The Twenty Grand is the name given to the one-off custom 1933 Rollston Arlington Torpedo-bodied Duesenberg SJ ultra-luxury sedan. The design's initial price tag of an astronomical $20,000 during the height of the Great Depression infamously gave it its nickname of Twenty Grand. Widely considered to be the most beautiful Duesenberg ever built and the pioneer of the ultra-luxury car concept, it is one of the most valuable cars in the world, worth over $40 million today.

Jay Leno described the 320 horsepower Twenty Grand the 20th century equivalent of the Bugatti Veyron in regards to the unprecedented engine power output of each of the vehicles for their time.

The Twenty Grand is the flagship vehicle of the Nethercutt Collection and was restored by J.B. Nethercutt. It won Best of Show at the 1980 Pebble Beach Concours d'Elegance and is undefeated in Concours d'Elegance competition.

History 
Luxury brands Duesenberg and Rollston contracted automobile designer Gordon Buehrig for a ultra-luxury one-off design to be the leading automotive "Dream Car" display representing the progress of the United States automotive industry at the 1933 Chicago World's Fair. Once completed in Indianapolis, the finished automobile's set price was an astronomical $20,000 during the middle of the Great Depression where cars typically cost around $600–800, infamously giving it the nickname of The Twenty Grand. Ultimately because of its unprecedented price tag, it was proven too expensive for the American wealthy and foreign dignitaries at the World's Fair. 

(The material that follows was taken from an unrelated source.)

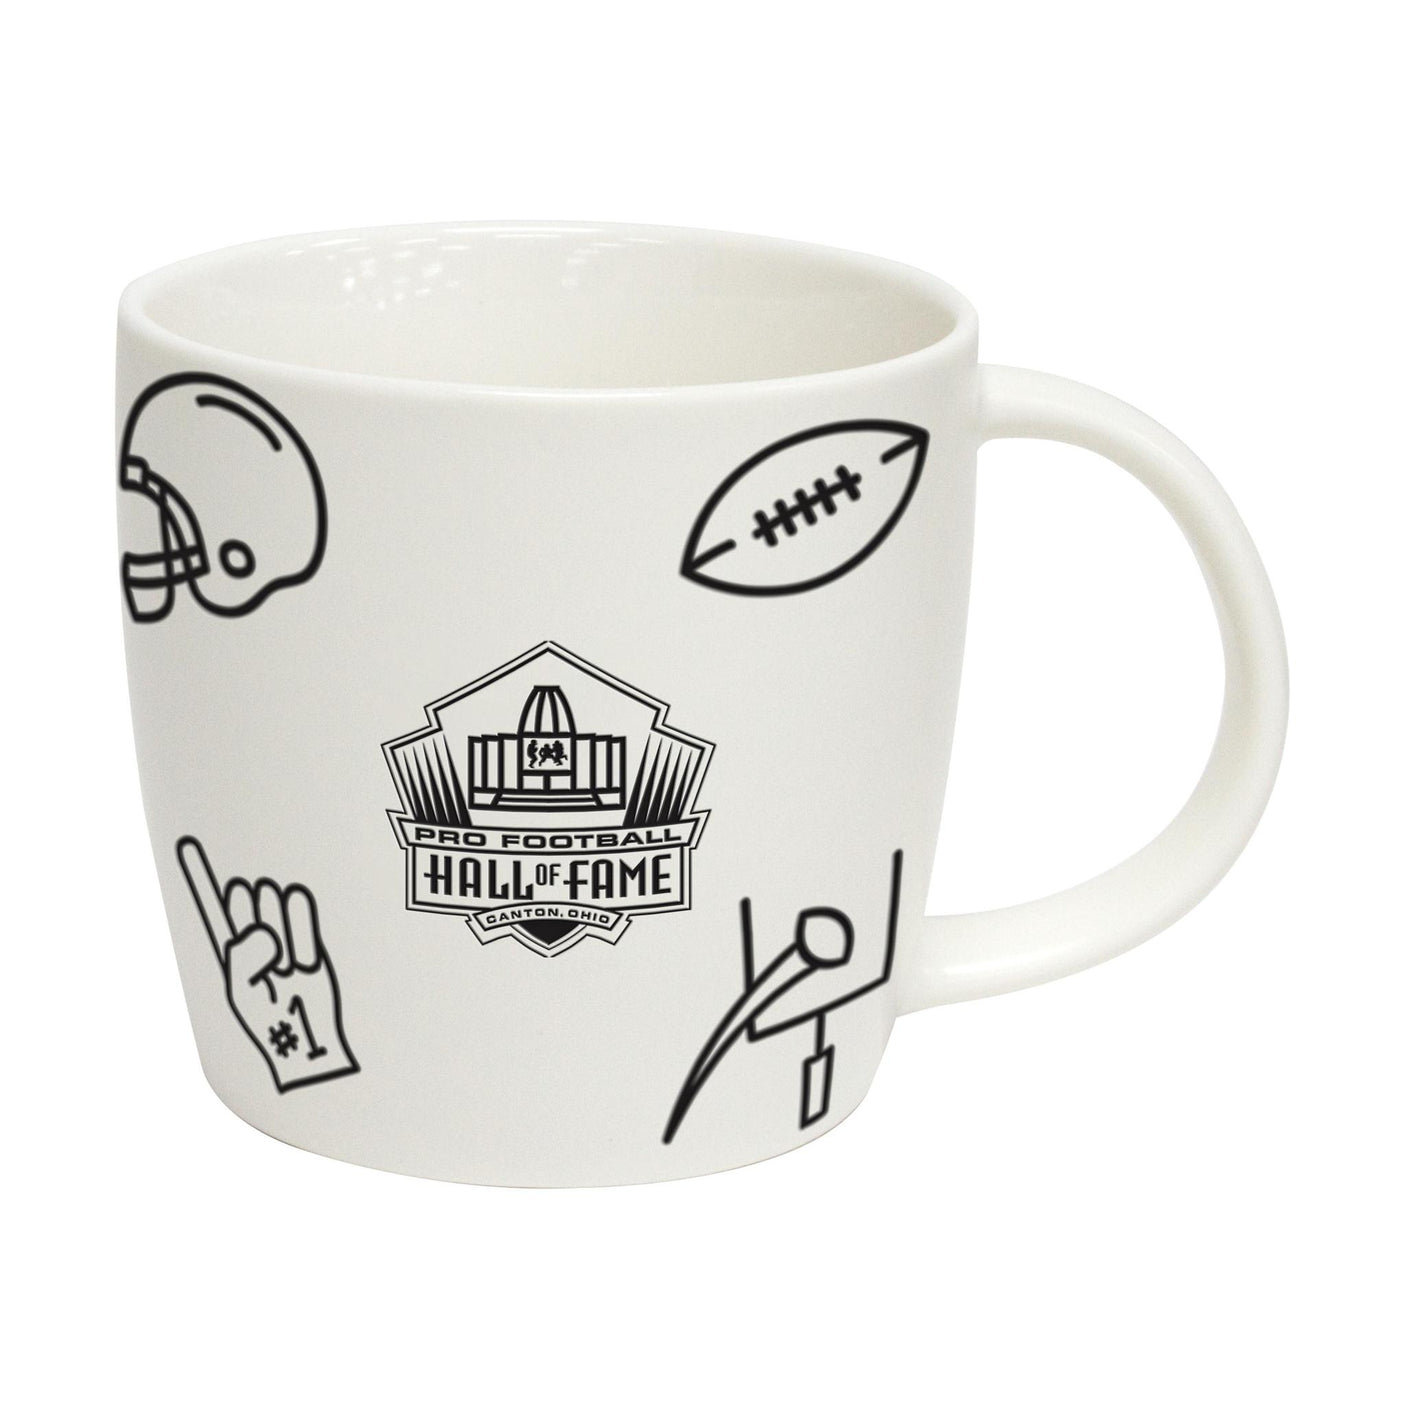 Hall of Fame Playmaker Coffee Mug

Due to the further deterioration of the economy from the Great Depression, the Twenty Grand was untouched for a year until it was sold to Shreve Archer in the following 1934 leg of the same fair for $20,000 dollars, making it the second most expensive Duesenberg ever sold new. Later the Twenty Grand would go on to have several other owners where it the interior was modernized.

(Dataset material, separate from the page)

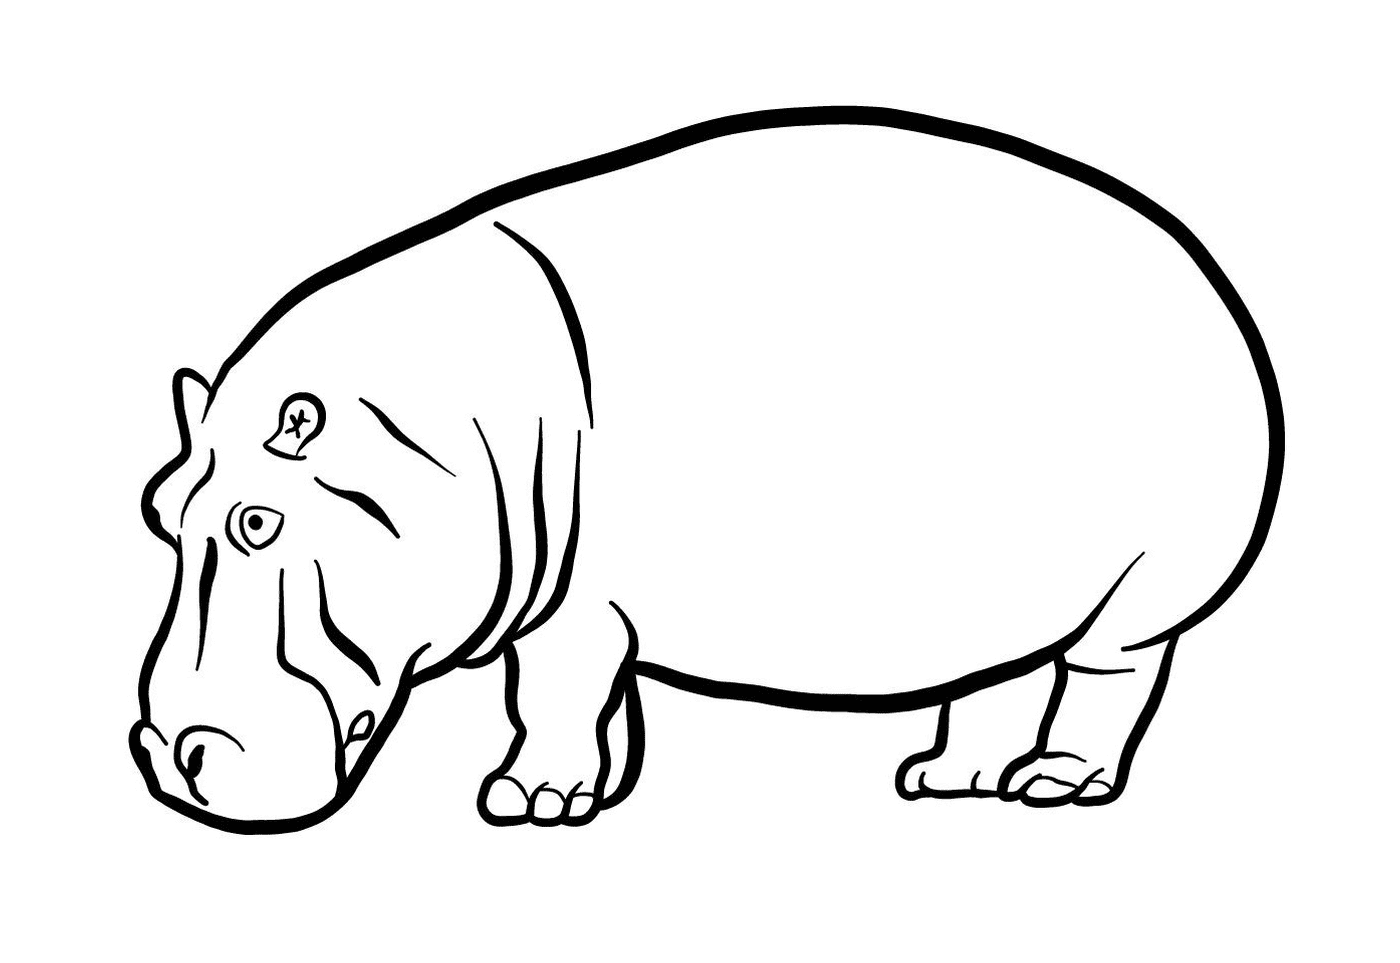   Un hippopotame

In 1979, cosmetics entrepreneur J.B. Nethercutt purchased the Twenty Grand for $130,000, making it one of the then-most expensive vehicle purchases up to that time. He gave it a full original restoration at the Nethercutt Collection, changing the exterior color from black to a metallic silver and reverting the interior to its original 1930s opulence. Once the restoration was completed, Nethercutt entered it into the pinnacle Pebble Beach Concours d'Elegance in 1980, where it ultimately won Best of Show. In the late 1980s the Twenty Grand was selected to be exhibited in Essen, Germany as one of “The Ten Most Beautiful Cars in the World.”  It won Best of Show at the 2011 Amelia Island Concours d'Elegance and at the 2022 Las Vegas Concours d'Elegance.

Replica 
In 2012 a 1:1 fan-made replica vehicle was constructed as tribute to The Twenty Grand that included a supercharged Ford V8 engine. The replica was auctioned off in Scottsdale, Arizona for over $100,000.

In popular culture 
In 2023 it was featured on the Jay Leno's Garage episode "The Most Famous Duesenberg of All Time." In the show the Twenty Grand was driven on the Hollywood Burbank Airport taxiway with a police escort instead of the regular Burbank city streets. Jay Leno described the Twenty Grand as the 20th century equivalent of the Bugatti Veyron in regards to the unprecedented incredible aspects of each of the vehicles for their eras.

Specifications 
Engine Type: Supercharged DOHC

Cylinders: 8

Horsepower: 320

Manufacturer: Duesenberg, (Indianapolis, Indiana)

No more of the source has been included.